Notícias e indicadores que podem influenciar os preços dos ativos nesta sexta-feira, 28 de agosto

4 min

Bom dia. Estamos na sexta-feira, 28 de agosto.

Cenários

Chegou o dia muito esperado em que começa o seminário de Jackson Hole. Realizado em uma estação de esqui no estado americano do Wyoming, o evento reúne banqueiros centrais e líderes das finanças. Em todos os anos, o evento mais importante é o discurso do presidente do Federal Reserve (Fed), o banco central americano.

O seminário tem uma vantagem para os presidentes do Fed. É um evento formal, mas os discursos não são uma comunicação oficial do banqueiro central. Se quiser, Kevin Warsh pode se dar ao luxo de ser mais claro sobre o que pensa sem que isso seja tratado como uma declaração formal. E, neste momento, todos os investidores querem muito saber o que Warsh pensa.

Seu discurso será crucial. A questão central é se ele conseguirá manter sua abordagem de “menos é mais” na comunicação da política monetária ou se vai fornecer pelo menos um esboço de como enxerga a inflação elevada e se é preciso elevar os juros para contê-la. Desde que tomou posse em junho, Warsh tem sido muito econômico em suas declarações sobre o futuro das taxas de juros.

Sua relutância em fornecer orientações sobre as próximas decisões de política monetária é intencional. Mesmo alguns de seus colegas do Fed concordam que é imprudente antecipar as decisões e correr o risco de criar expectativas que posteriormente terão que ser alteradas devido à evolução da economia.

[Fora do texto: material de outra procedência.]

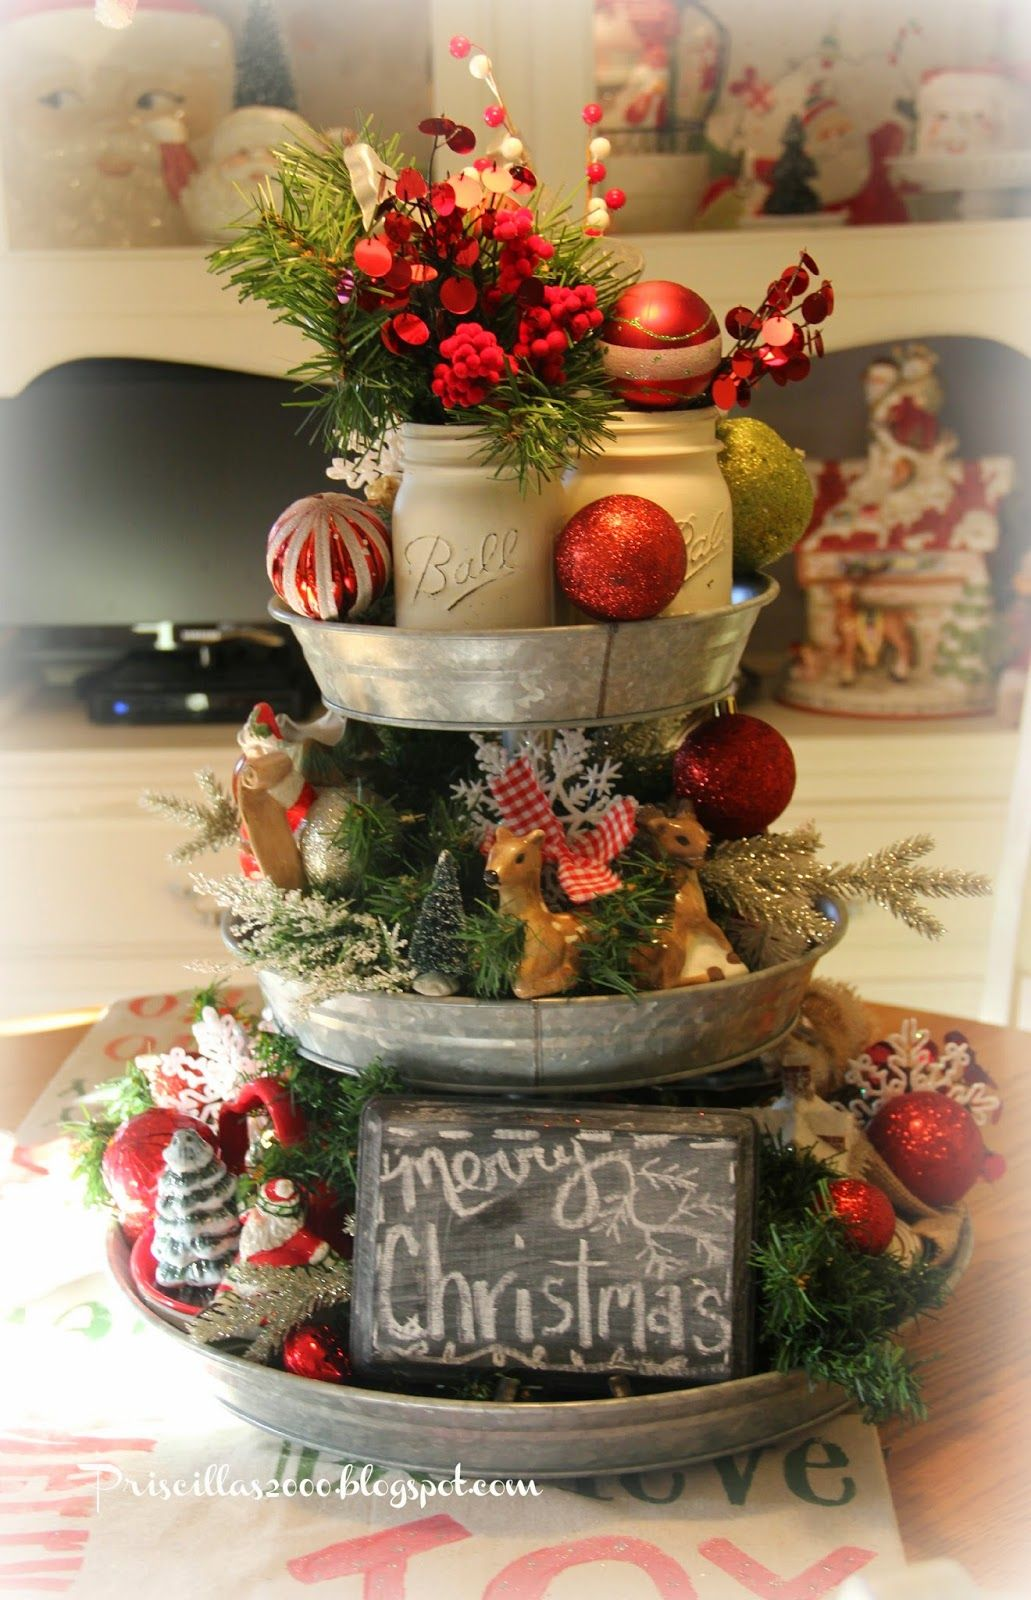 Christmas Galvanized Tray Centerpiece Christmas Decorations Christmas Centerpieces Country Christmas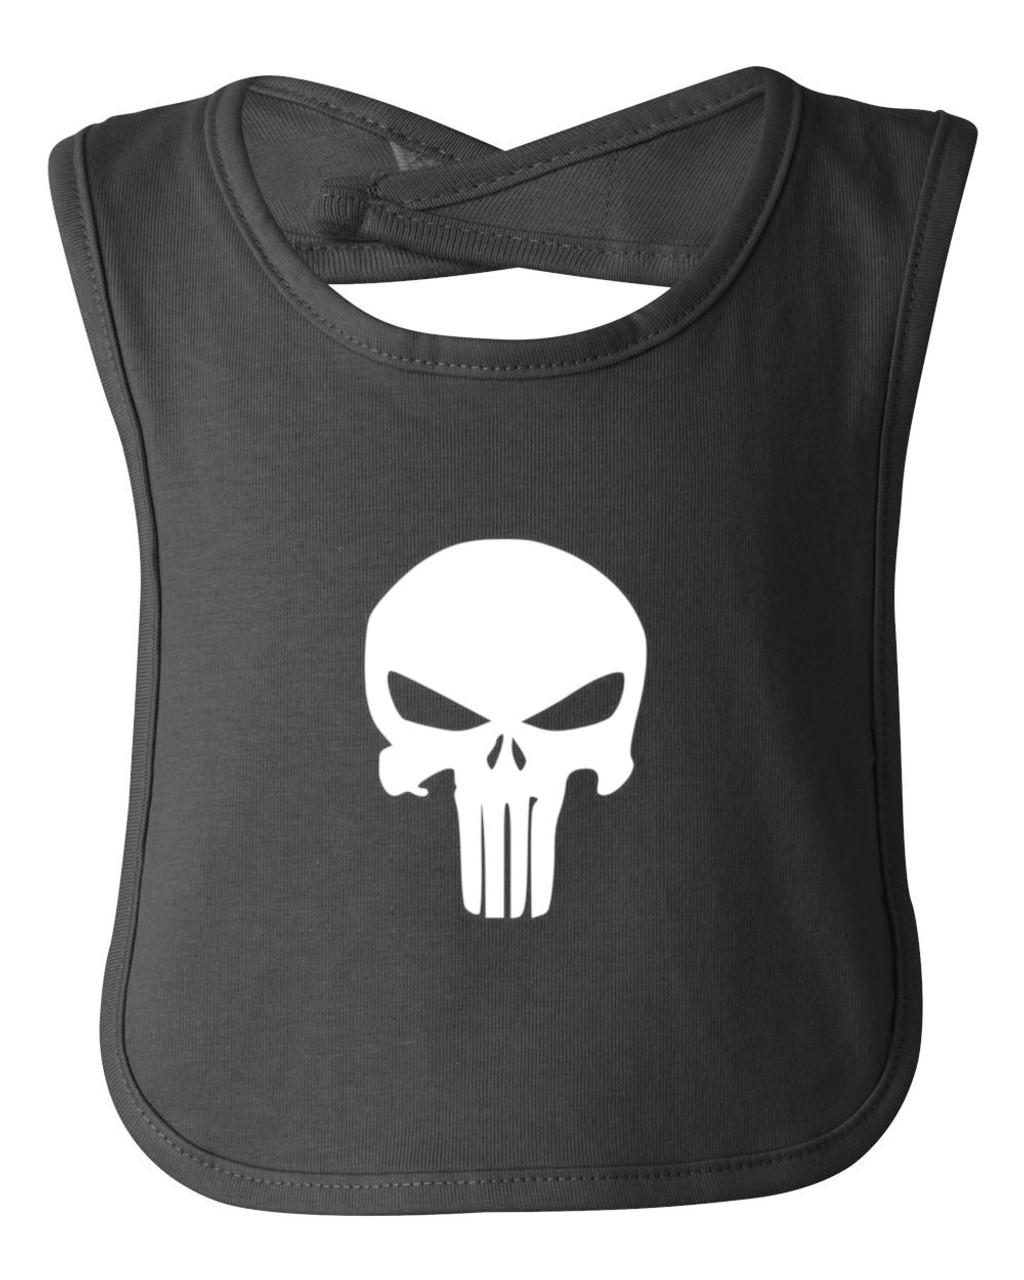 Skull Punisher Logo Baby Bib Cotton Apron Child Smock

Atualmente, a inflação americana está muito acima da meta. O indicador preferido do Fed, o índice Personal Consumption Expenditure (PCE), que foi divulgado na quarta-feira (26), mostrou uma inflação de 3,7% nos 12 meses até julho. Foi o mesmo resultado observado nos 12 meses até junho, e também ficou em linha com as expectativas dos investidores. O núcleo do PCE, que exclui os preços dos alimentos e da energia, variou 3,3%, também igual ao acumulado nos 12 meses até junho e em linha com as expectativas.

Mesmo estável, a inflação americana está muito acima do esperado. No entanto, os indicadores mais recentes do mercado de trabalho mostram um nível de emprego em desaceleração, indicando uma atividade econômica menos vigorosa. Alguns economistas esperam que o consumo diminua e modere o crescimento econômico e os preços. Outros acreditam que a inflação pode cair se houver uma baixa no preço do petróleo. A questão de vários trilhões de dólares é se essa desaceleração da economia é forte o suficiente para baixar a inflação.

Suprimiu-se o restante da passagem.